The published Smyth Report of 1945 on the Manhattan Project was translated into Russian, and the translators noted that a sentence on the effect of "poisoning" of Plutonium-239 in the first (lithograph) edition had been deleted from the next (Princeton) edition by Groves. This change was noted by the Russian translators, and alerted the Soviet Union to the problem (which had meant that reactor-bred plutonium could not be used in a simple gun-type bomb like the proposed Thin Man).
One of the key pieces of information, which Soviet intelligence obtained from Fuchs, was a cross-section for D-T fusion. This data was available to top Soviet officials roughly three years before it was openly published in the Physical Review in 1949. However, this data was not forwarded to Vitaly Ginzburg or Andrei Sakharov until very late, practically months before publication. Initially both Ginzburg and Sakharov estimated such a cross-section to be similar to the D-D reaction. Once the actual cross-section become known to Ginzburg and Sakharov, the Sloika design become a priority, which resulted in a successful test in 1953.
Comparing the timelines of H-bomb development, some researchers came to the conclusion that the Soviets had a gap in access to classified information regarding the H-bomb at least between late 1950 and some time in 1953. Earlier, e.g., in 1948, Fuchs gave the Soviets a detailed update of the classical super[40] progress, including an idea to use lithium, but did not explain it was specifically lithium-6. By 1951 Teller accepted the fact that the "classical super" scheme wasn't feasible, following results obtained by various researchers (including Stanislaw Ulam) and calculations performed by John von Neumann in late 1950.
Yet the research for the Soviet analogue of "classical super" continued until December 1953, when the researchers were reallocated to a new project working on what later became a true H-bomb design, based on radiation implosion. This remains an open topic for research, whether the Soviet intelligence was able to obtain any specific data on Teller–Ulam design in 1953 or early 1954. Yet, Soviet officials directed the scientists to work on a new scheme, and the entire process took less than two years, commencing around January 1954 and producing a successful test in November 1955. It also took just several months before the idea of radiation implosion was conceived, and there is no documented evidence claiming priority. It is also possible that Soviets were able to obtain a document lost by John Wheeler on a train in 1953, which reportedly contained key information about thermonuclear weapon design.

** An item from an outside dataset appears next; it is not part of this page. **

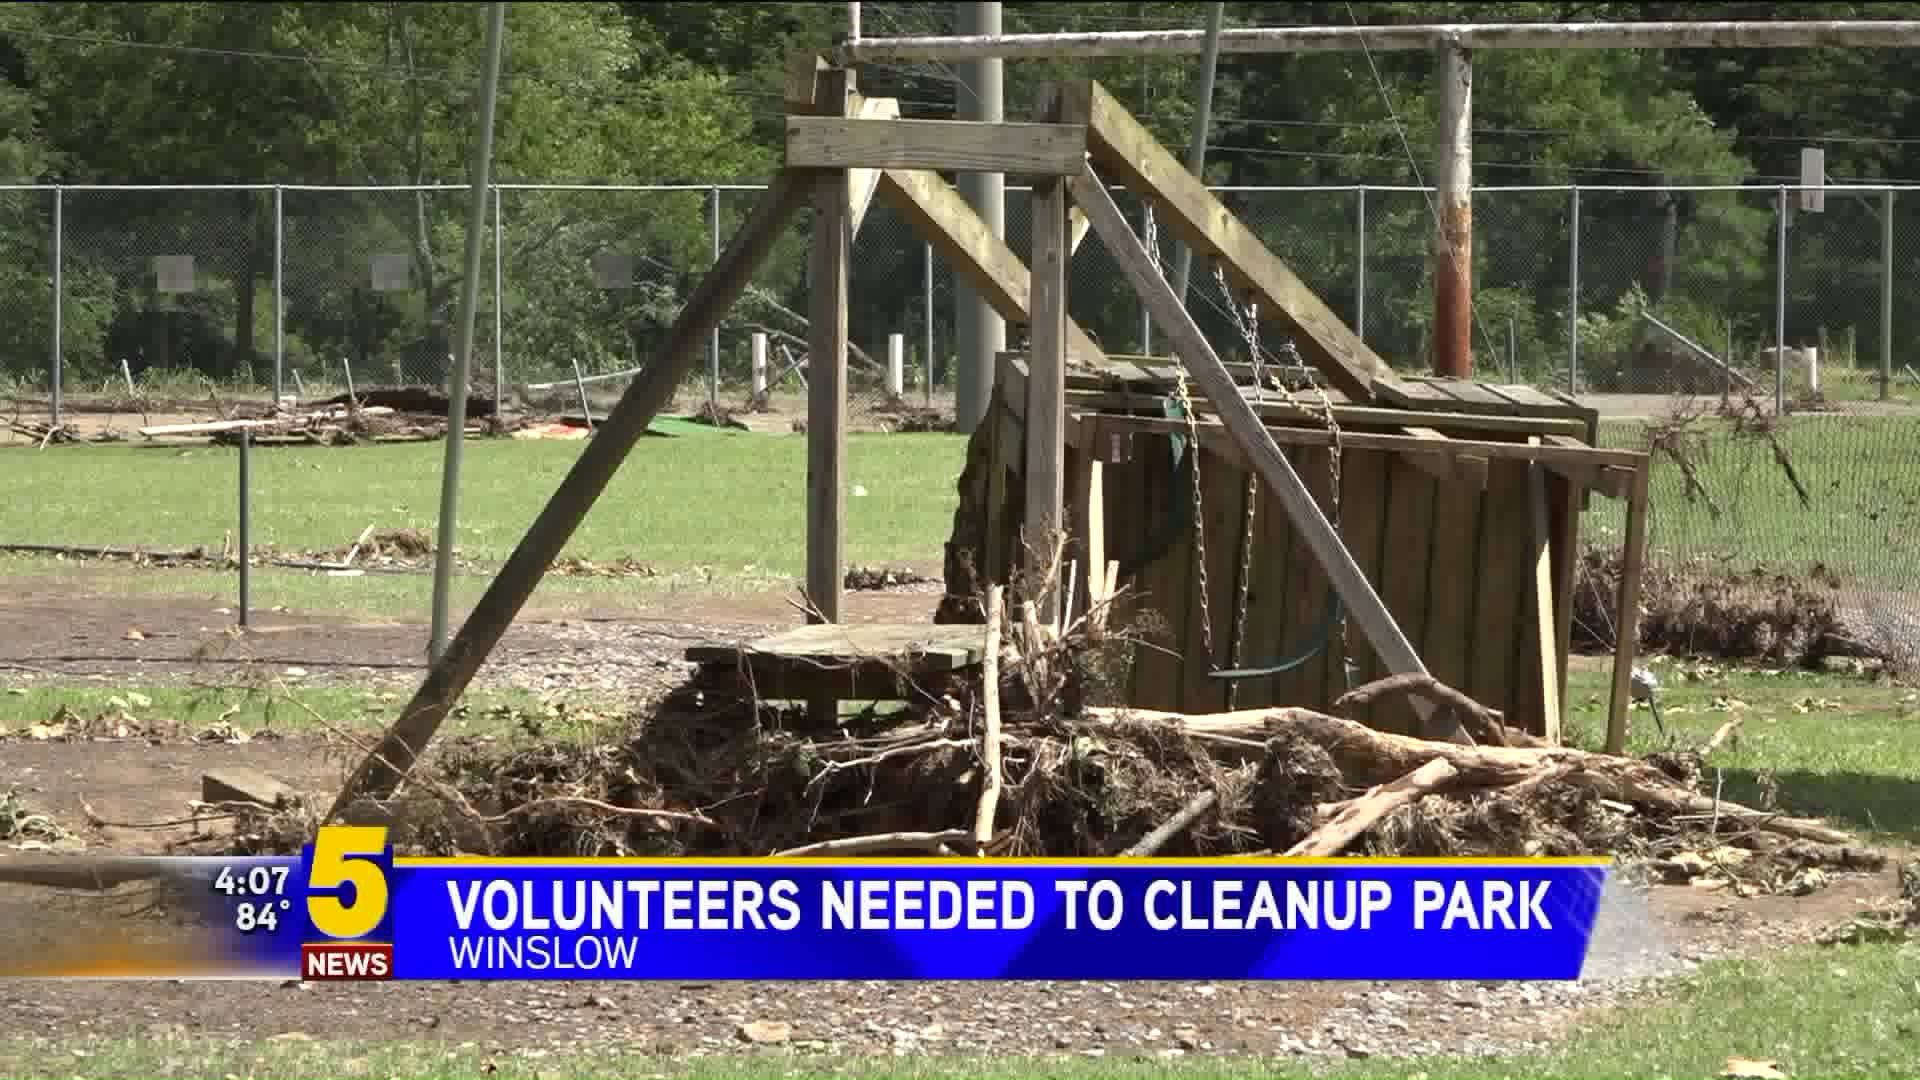 Volunteers Needed To Help Cleanup Winslow Park Ahead Of 4th Of July

See main article: Tsar Bomba and Thermonuclear weapon. Early ideas of the fusion bomb came from espionage and internal Soviet studies. Though the espionage did help Soviet studies, the early American H-bomb concepts had substantial flaws, so it may have confused, rather than assisted, the Soviet effort to achieve nuclear capability.[41] The designers of early thermonuclear bombs envisioned using an atomic bomb as a trigger to provide the needed heat and compression to initiate the thermonuclear reaction in a layer of liquid deuterium between the fissile material and the surrounding chemical high explosive.[42] The group would realize that a lack of sufficient heat and compression of the deuterium would result in an insignificant fusion of the deuterium fuel.

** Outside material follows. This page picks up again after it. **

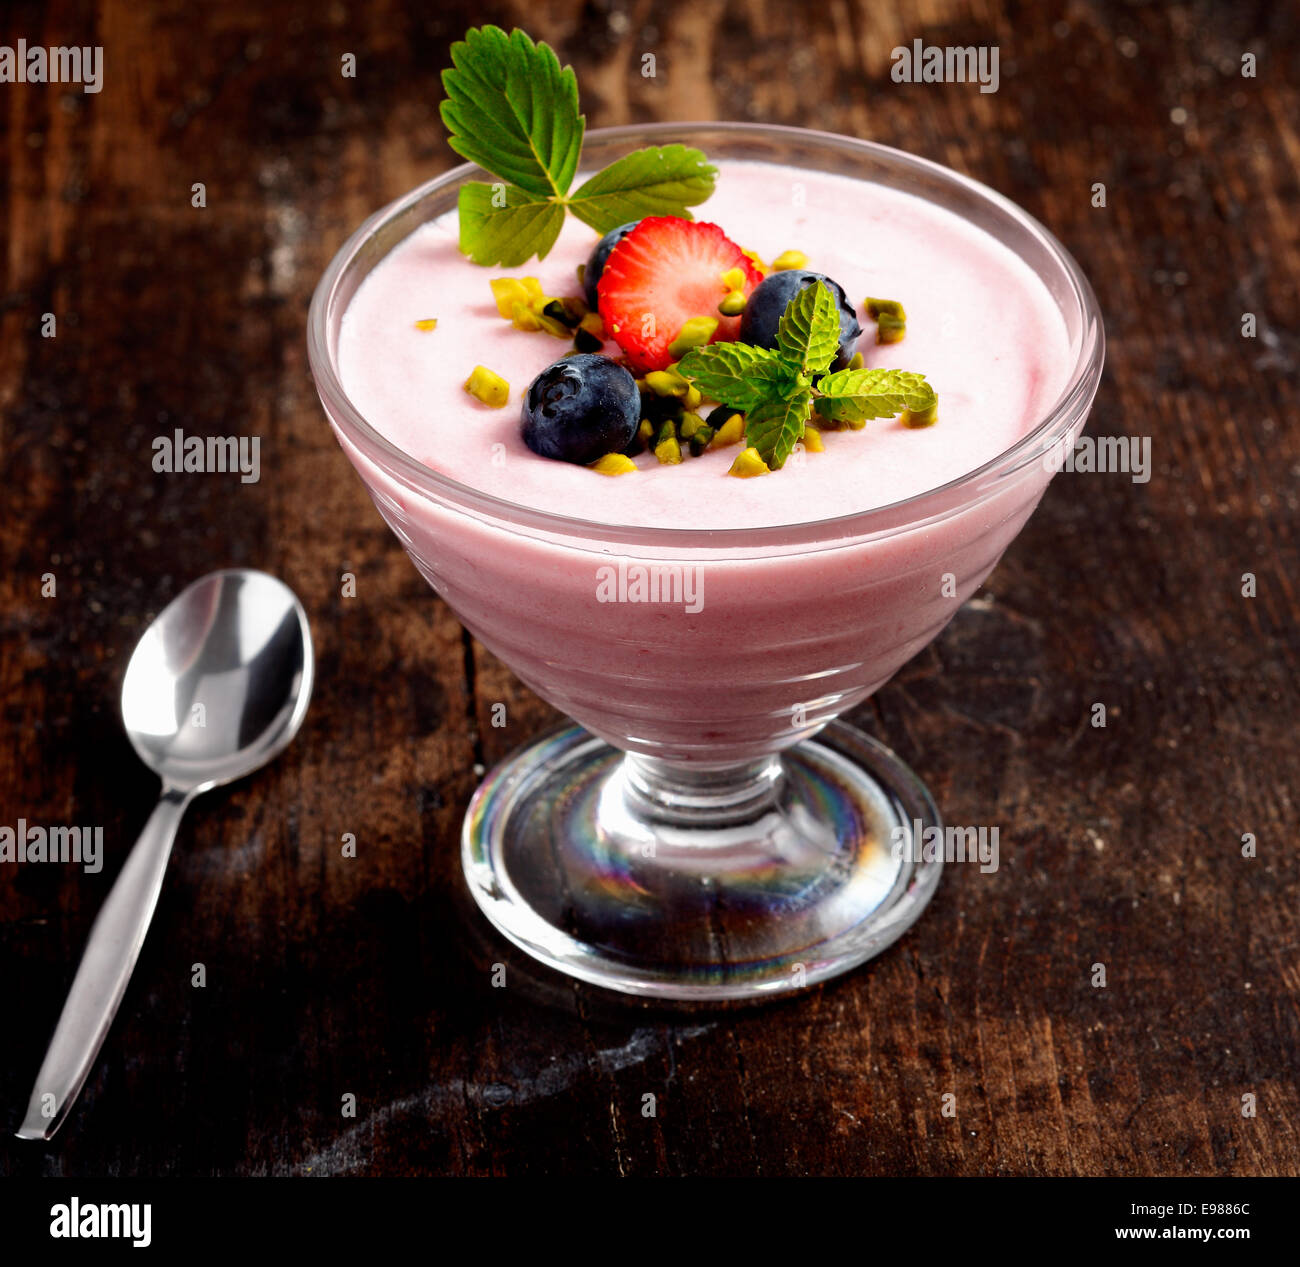 Sweet dessert of strawberry cream. Topped with some blueberries and a leaf of mint. Standing on a rustic wooden background. Stock Photo

Andrei Sakharov's study group at FIAN in 1948 came up with a second concept in which adding a shell of natural, unenriched uranium around the deuterium would increase the deuterium concentration at the uranium-deuterium boundary and the overall yield of the device, because the natural uranium would capture neutrons and itself fission as part of the thermonuclear reaction. This idea of a layered fission-fusion-fission bomb led Sakharov to call it the sloika, or layered cake. It was also known as the RDS-6S, or Second Idea Bomb.[43] This second bomb idea was not a fully evolved thermonuclear bomb in the contemporary sense, but a crucial step between pure fission bombs and the thermonuclear "supers".[44] Due to the three-year lag in making the key breakthrough of radiation compression from the United States the Soviet Union's development efforts followed a different course of action. In the United States they decided to skip the single-stage fusion bomb and make a two-stage fusion bomb as their main effort.[45] Unlike the Soviet Union, the analog RDS-7 advanced fission bomb was not further developed, and instead, the single-stage 400-kiloton RDS-6S was the Soviet's bomb of choice.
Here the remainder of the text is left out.